Corporate governance watchdogs are alert to such dangers. Last month, the Association of British Insurers wrote to the chief executives of the UK's 350 largest companies, warning them to ensure that directors' pensions were set in line with the same guidelines that apply to pay. "Broadly, that means directors' pensions must relate to performance and that they are appropriate given the pensions on offer in the market as a whole," an ABI spokesman said.

Similarly, the CBI has been careful not to back pension inequality. John Cridland, its deputy director general, said. "There should be no special access terms for directors."

There are signs that some employers are not heeding such warnings. Yesterday, the TUC pointed out a new worrying trend. In some cases, senior directors have now been shifted into defined contribution schemes, but there is still little question of them losing out.

The average director in a defined contribution pension plan receives a contribution from the sponsoring company worth 19 per cent of salary. The figure for the average worker is just 6 per cent. This finding could suggest that even after the retirement of the generation of directors who were in the right place at the right time to benefit from final salary benefits, there will still be a clear divide between the pension haves and have-nots.

Cats that got the cream

Sir Francis MacKay Former chairman, Compass Group

Sir Francis stood down as Compass's chairman earlier this summer, having amassed a pension pot worth £16.1m, enough to buy him an annual income of £830,000. He built up his pension entitlement with an accrual rate of a 30th of final salary for every year of service, twice as fast as the standard rate in final-salary schemes.
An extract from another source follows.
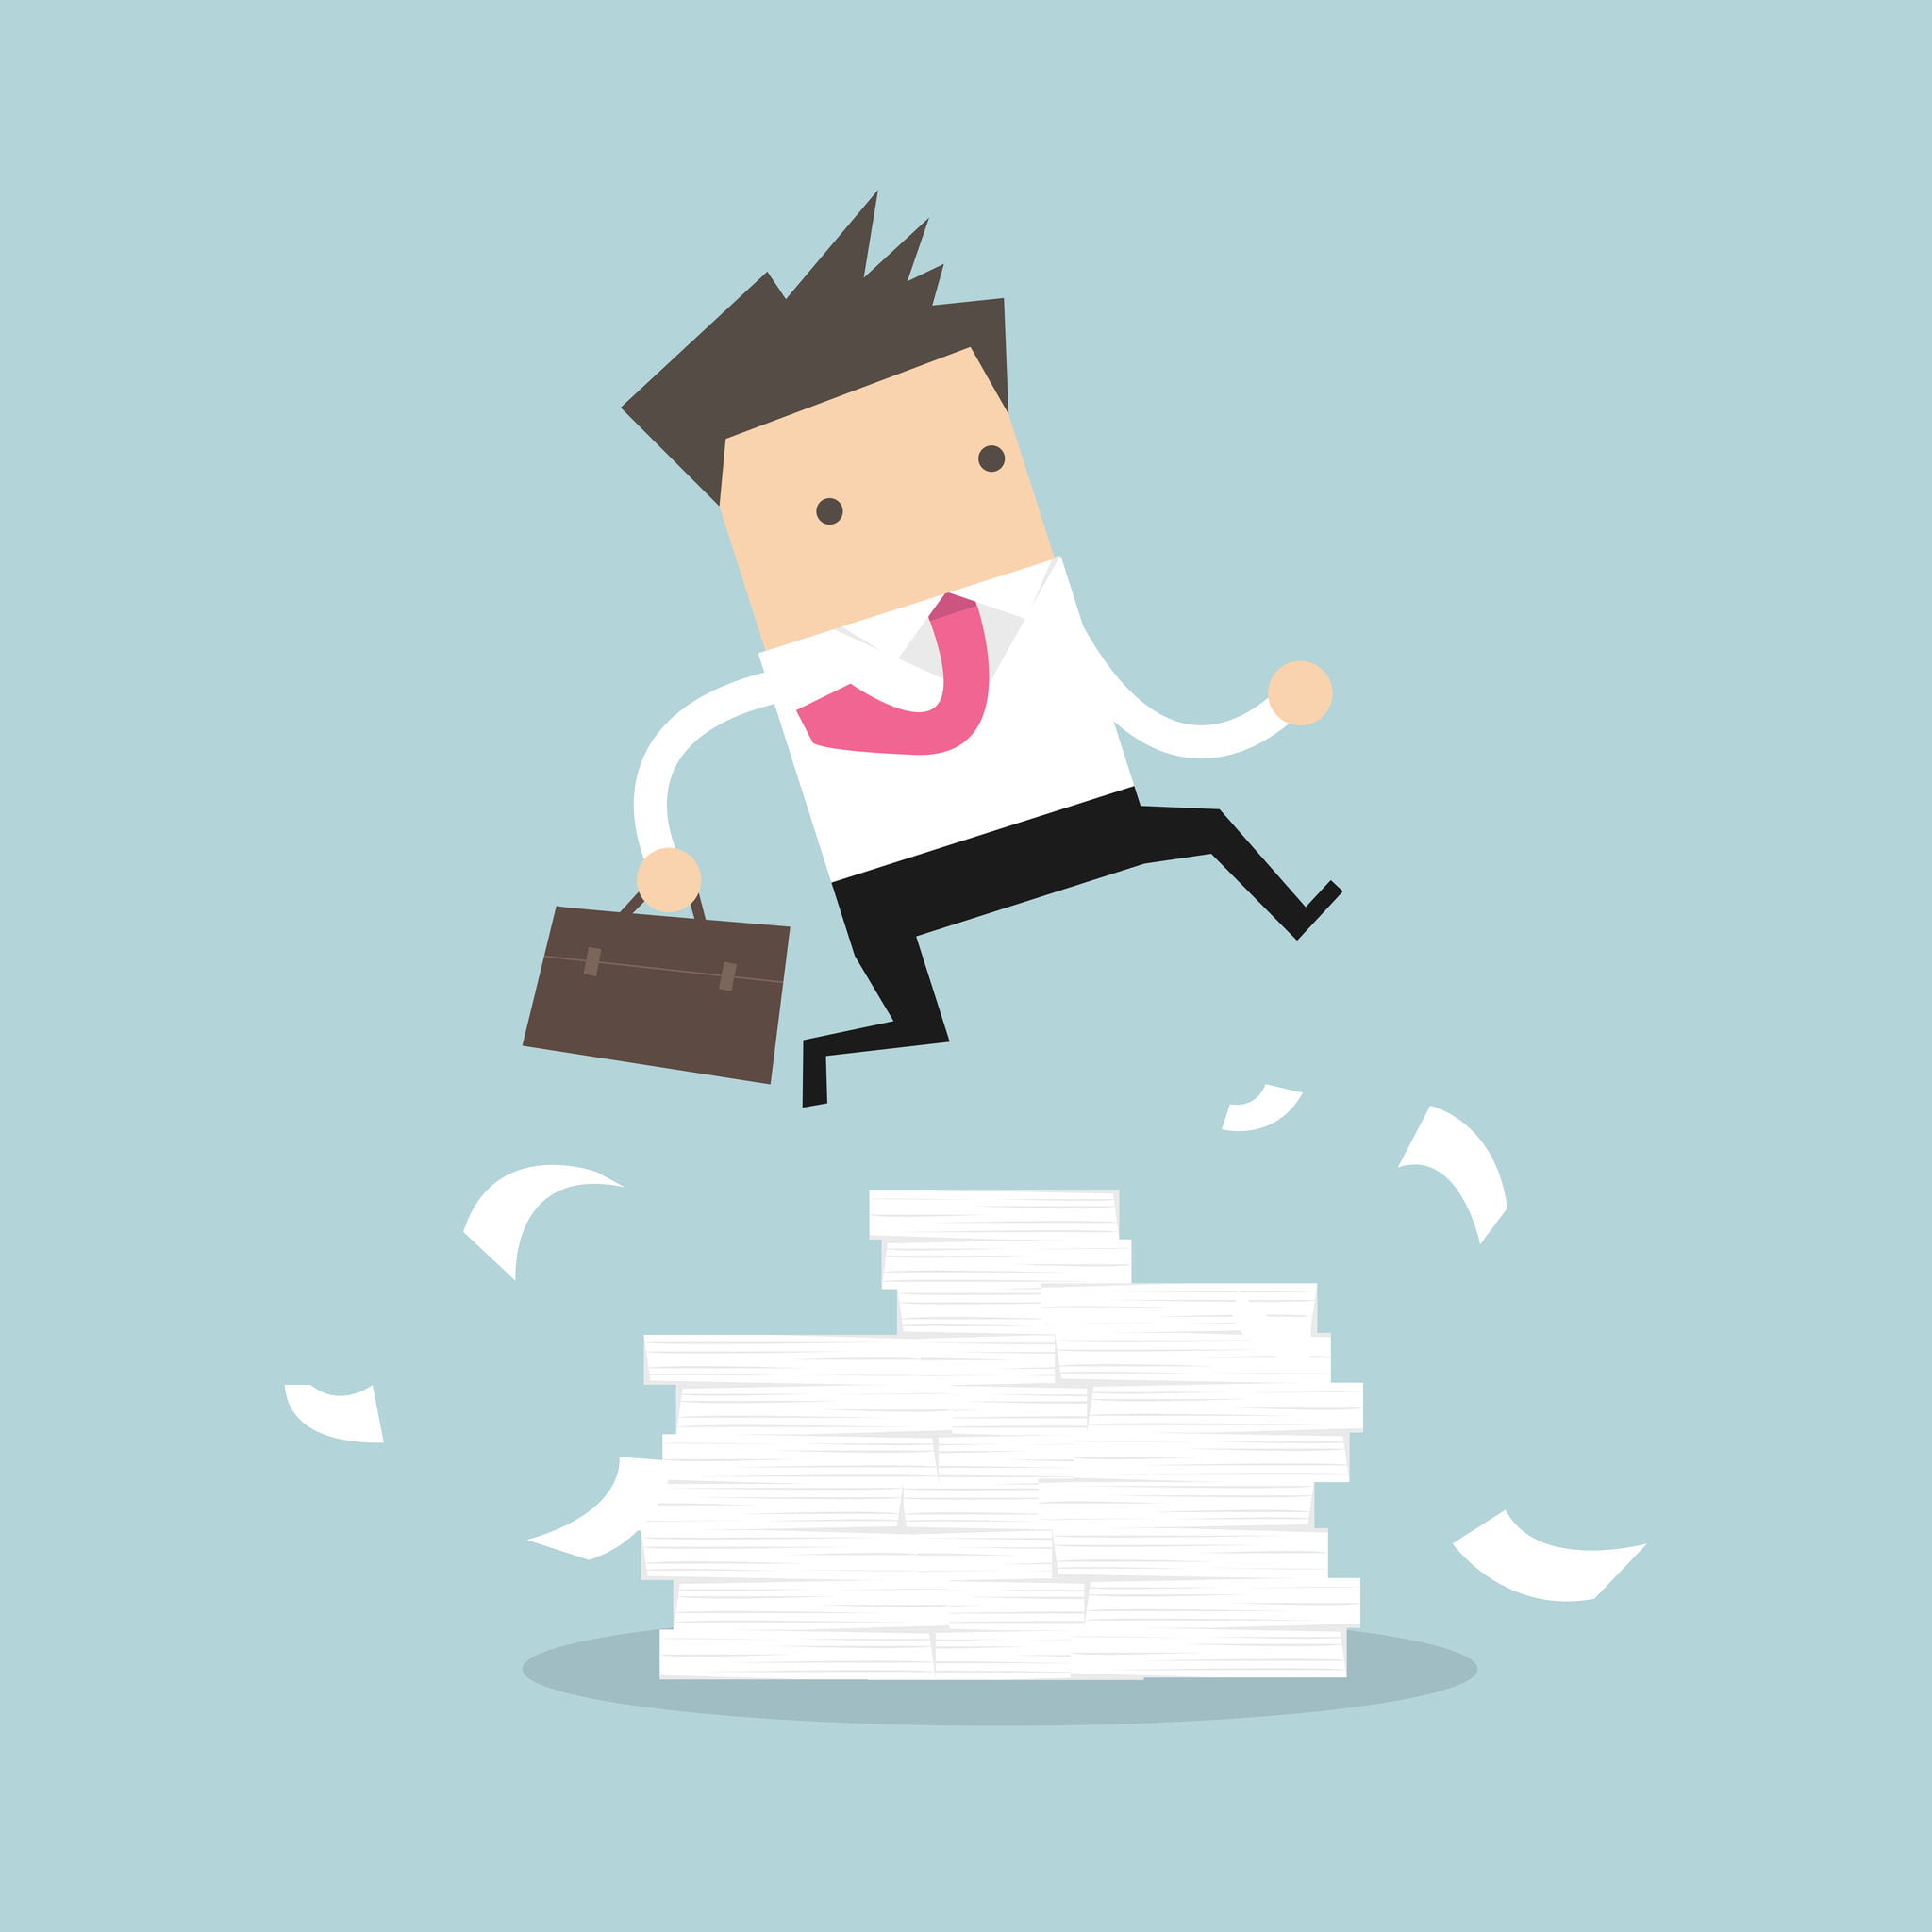 87183336 - businessman or manager jumping over obstacles. large stack of documents. vector

Compass closed its final-salary scheme to new entrants last year.

Sir John Sunderland Chairman, Cadbury Schweppes

Sir John's pension fund was worth £15.3m by the end of last year according to Cadbury's latest annual report. However, the company's final salary scheme was closed to new staff in 2001 and a career-average scheme is now on offer. While benefits are still guaranteed, staff in traditional career patterns, whose earnings peak in the run up to retirement, will now receive smaller pensions than under the old scheme.

Sir Julian Horn-Smith Former deputy chief executive, Vodafone

Sir Julian was one of the founders of the telecommunications giant. He resigned as deputy chief executive in February. His pension fund is worth £13.2m. However, while Vodafone, as a relatively young company, has none of the long-term problems faced by pension schemes at employers with ageing workforces and growing numbers of pensioners, it decided to close its final salary scheme to new staff last year.

Sir Tom McKillop Former chief executive, AstraZeneca

Sir Tom stood down as chief executive of Astrazeneca on 1 January after seven years in the top job at the pharmaceuticals company. While in charge, Sir Tom took the decision to close the company's final salary scheme to new entrants, but as an existing member of staff continued to benefit. By the time he left, his pension fund had grown to £12.65m. He was also entitled to retire two years early with no reduction in benefits.

Larry Fish Director, Royal Bank of Scotland

Larry Fish is not only RBS's highest-paid director, he also has the largest accrued pension rights of anyone at the company. His current pension pot would buy him an annual pension of £726,400 according to RBS's latest annual report. Earlier this year, despite announcing annual profits up 19 per cent to £4.5bn, the bank said it would close its final salary pension scheme to new entrants - the deadline for new joiners is 1 October.